In this paper, taking the specific power, the vertical unbalanced magnetic force and the cogging torque as the optimization target, and the upper and lower values of the design variables as the constraint condition, the optimization model can be described as:

$$\{\begin{array}{l}\mathrm{Minimize}:{\mathrm{W}}_{\mathrm{fitness}}=f(X_1,X_2,X_3,X_4)\\ \mathrm{s}.\mathrm{t}.\{\begin{array}{l}X=\left[X_1,X_2,X_3,X_4\right]=\left[{\sigma }_p,h_m,l_{sa},l_{oa}\right]\\ X_i^{\min }\le X_i\le X_i^{\max },i=1,2,3,4\end{array}\end{array}$$

(26)

in which ${\mathrm{W}}_{\mathrm{fitness}}$ is the adaptive target function, $X_i$ is the design variable, and $X_i^{\min }$ and $X_i^{\max }$ are the upper and lower values of design variables, respectively.

In the process of optimization, to make the design variables more cooperative with the optimal solution, the penalty function method will be used to deal with the constraint conditions. By constructing the penalty term, the non-linear programming problem that arises with constraints is transformed into an unconstrained optimization problem fit for solving. The points that do not satisfy the optimization procedure will be punished, so that the unconstrained points are forced to approach a feasible region and to converge on the minimum point. The augmented objective function can be constructed as:

$${\mathrm{W}}_{\mathrm{fitness}}=f(X_1,X_2,X_3,X_4)+\delta \left\{\exp \left[{\displaystyle \sum _{i=1}^s\left(\left|\min \left(0,(X_i^{\max }-X_i)\right)+\min \left(0,(X_i-X_i^{\min })\right)\right|\right)}\right]-1\right\}$$

(27)

where $\delta$ is a larger constant.

The penalty value is 0 when the iteration value is within the preset constraint range, whereas the penalty function increases exponentially if the iteration value exceeds the constraint range. The farther away from the constraint boundary, the faster the penalty function value increases, and the optimization results will vary with the level of weighting factors for each performance index. The final iterative optimal values are shown in Figure 9.

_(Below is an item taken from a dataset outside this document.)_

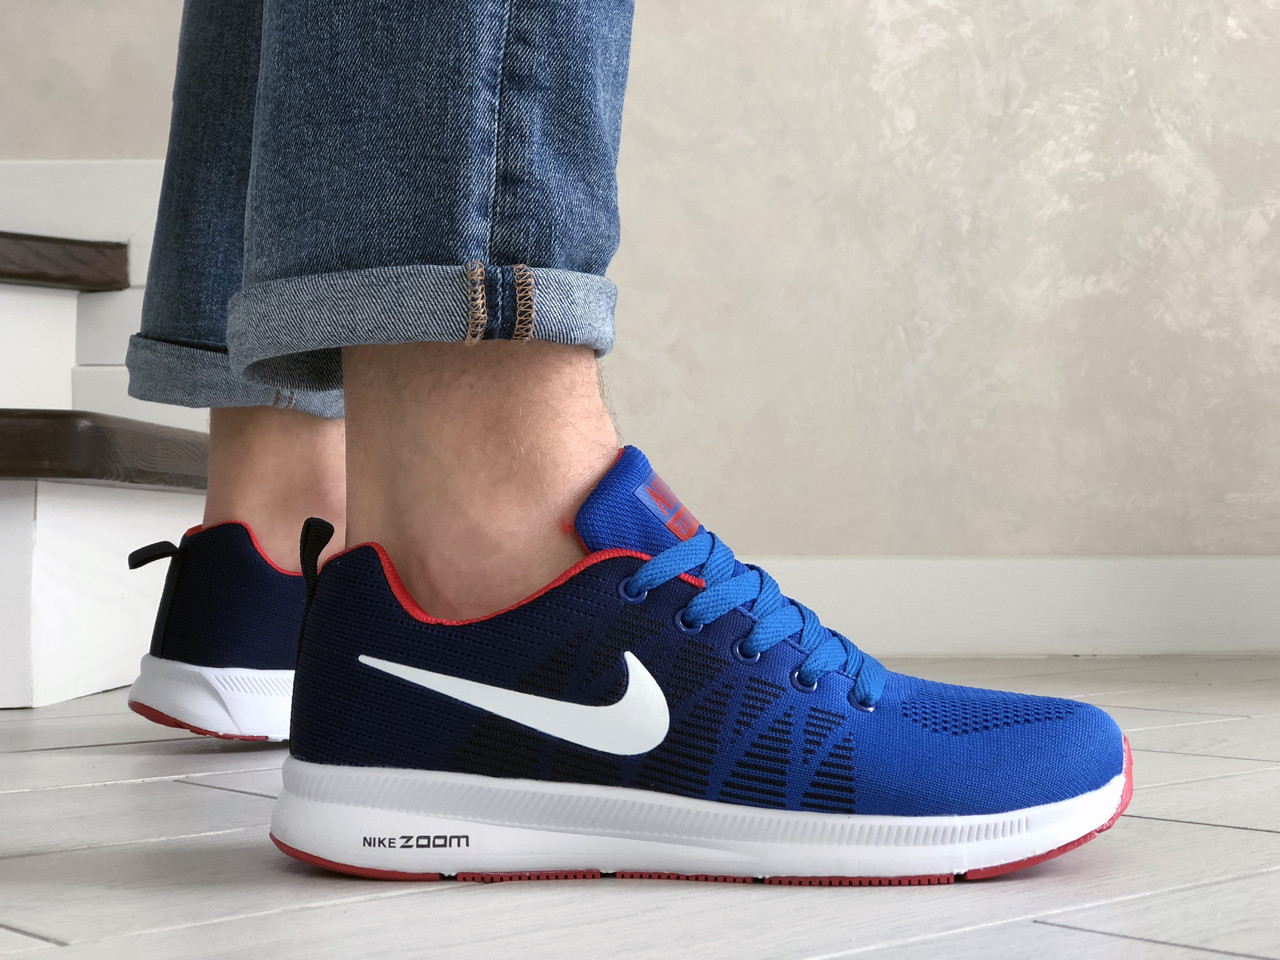 

Мужские кроссовки Nike Найк Zoom, сетка, пена, синие с белым. 42, Синий

It can be seen that the fluctuation of design variables σ_p, h_m, l_sa and l_oa meets the requirements, which are within the preset range. In the optimization, it is found that the optimization objective presents the cosine shape with a change of the single variable h_m, and presents a hump shape with changes of variables σ_p, l_sa and l_oa. Then, the design variables reach the best match after the adaptive weight iteration.

5.2. Verification and Discussions

To verify the validity of the proposed optimization method, the electromagnetic performances of the integrated PM-IWM at the initial and optimal design are compared in detail by the FE method. For the output power, the average value before and after optimization increased from 19.8 kw to 20.9 kw, with an increase of 5.55%. On the whole, the reduction of the unbalanced magnetic force and the cogging torque can be achieved simultaneously to some extent, under the basic improvement of output torque.

Figure 10 shows the radial and the tangential MFD analysis results of the initial and optimization models. As shown in the comparison of the analysis results, the amplitude of MFD decreased to some extent, and the MFD with the optimal dimensions is more symmetrical, which reduces the generation of unbalanced electromagnetic force. The maximum peak value of radial MFD is decreased by 14.79%, compared with that before optimization, and the maximum peak value of tangential MFD is decreased by 52.76%, compared with that before optimization. For better clarification, Figure 11 shows the corresponding amplitude–frequency analysis of the MFD. It can be found that the other multiple frequencies of MFD are not increased after optimization, and the amplitudes of the low order frequencies are greatly reduced. In addition, the 0 Hz frequency is a constant component, which will not produce vibration, and its change has little effect on the vibration. As such, the validity of the proposed optimization method is verified.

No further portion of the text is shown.